I dont know whhy but I am still going crazy over thi. I saw another therapist for the 1st time today,...I still cant stop thinking about my previous therapist.. I ended up emailing him recently and he has emailed me back..I just want to write him and ask if i can see him again but I know its not a good thing to do... I just keep thinking if I was prettier, sexier or more persuasive that we would have hooked up...sounds so dumb to say..I dont know why I am going through this
Sifter joined in and replied with this 4.6 years ago, 9 hours later[^][v]#0
Hey Tonya, I think it's pretty normal to still have big feelings about this. So much emotional stuff gets stirred up in therapy, when we trust them so much. It will take time to sort out what happened, and what it means for you, and how come sex is the thing that makes you feel like you are 'good enough'. But if you ask to see him again you put yourself in a pretty no-win situation. Either he says no (which would feel like rejection) or he says yes, and your heart is back on the line with someone who has proven he doesn't have his own shit together enough to treat you right. So - maybe just hang in there for a while and see what happens with the new therapist. Focus on that if you can, but know that you're hurt for good reasons, and it's okay if it takes time to recover.

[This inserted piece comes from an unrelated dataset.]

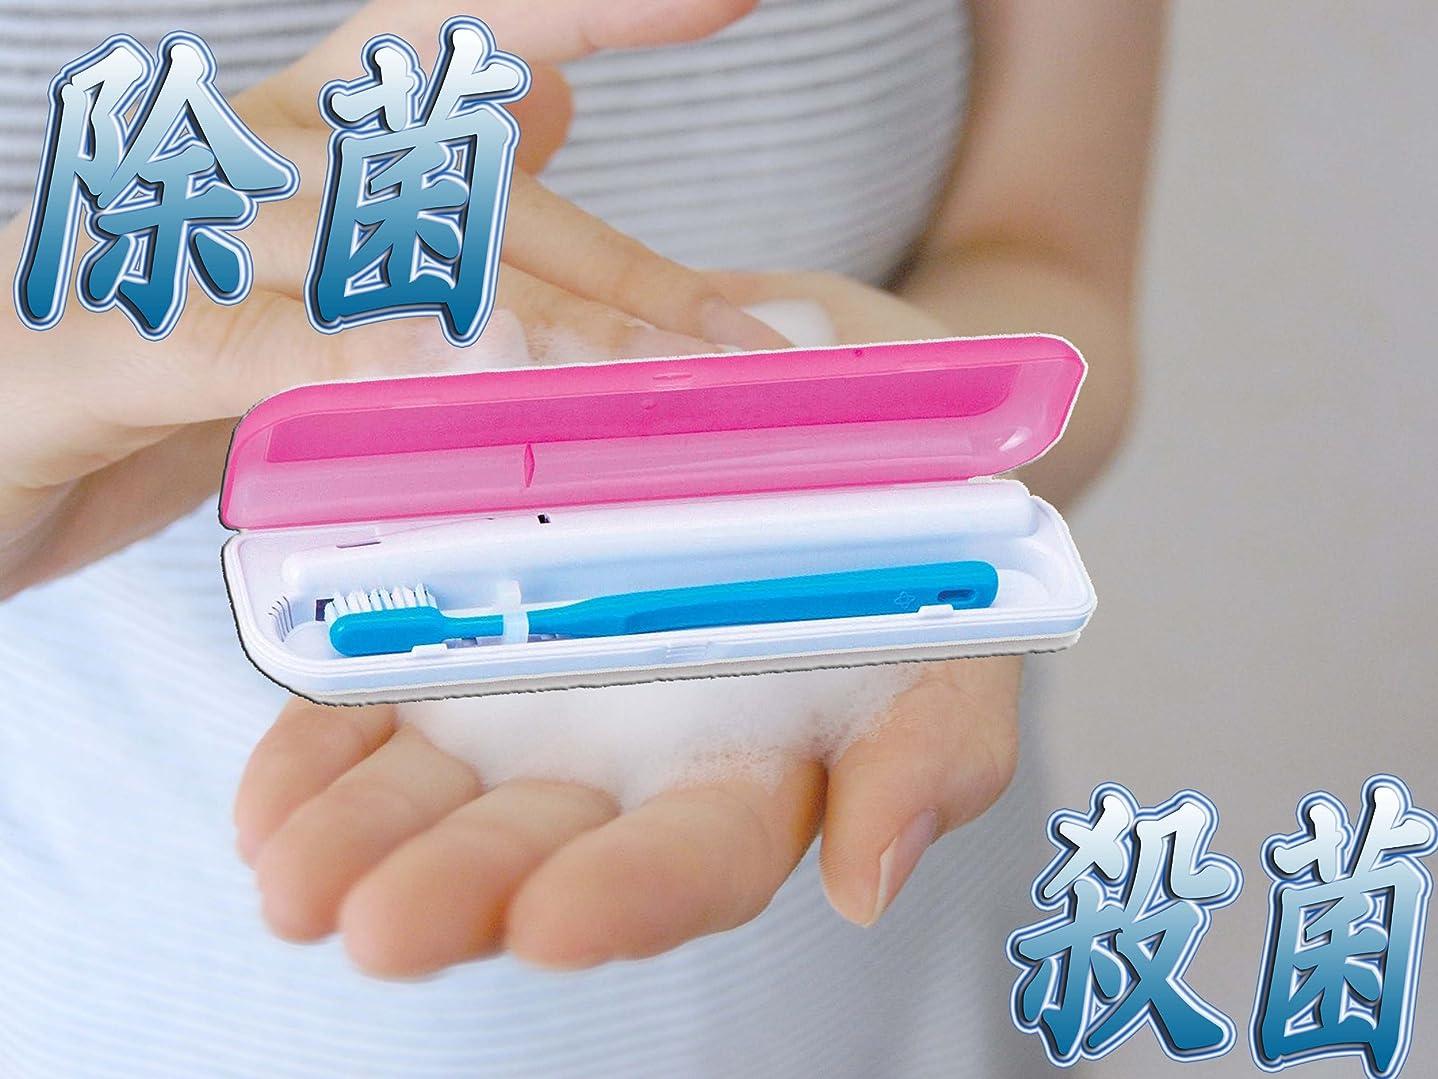 スツール配当湿った歯ブラシの隅々まで殺菌&除菌!! 除菌歯ブラシ 携帯ケース 電池式 15408

Tonya (OP) replied with this 4.6 years ago, 13 hours later, 23 hours after the original post[^][v]#0
(Citing a deleted or non-existent reply.) > I thought there was no more of this "support group" stuff? I thought it was only supposed to be questions/answers?
sorry if I bothered you...
Tonya (OP) double-posted this 4.6 years ago, 11 minutes later, 23 hours after the original post[^][v]#0
thanks sifter...you always know the right things to say!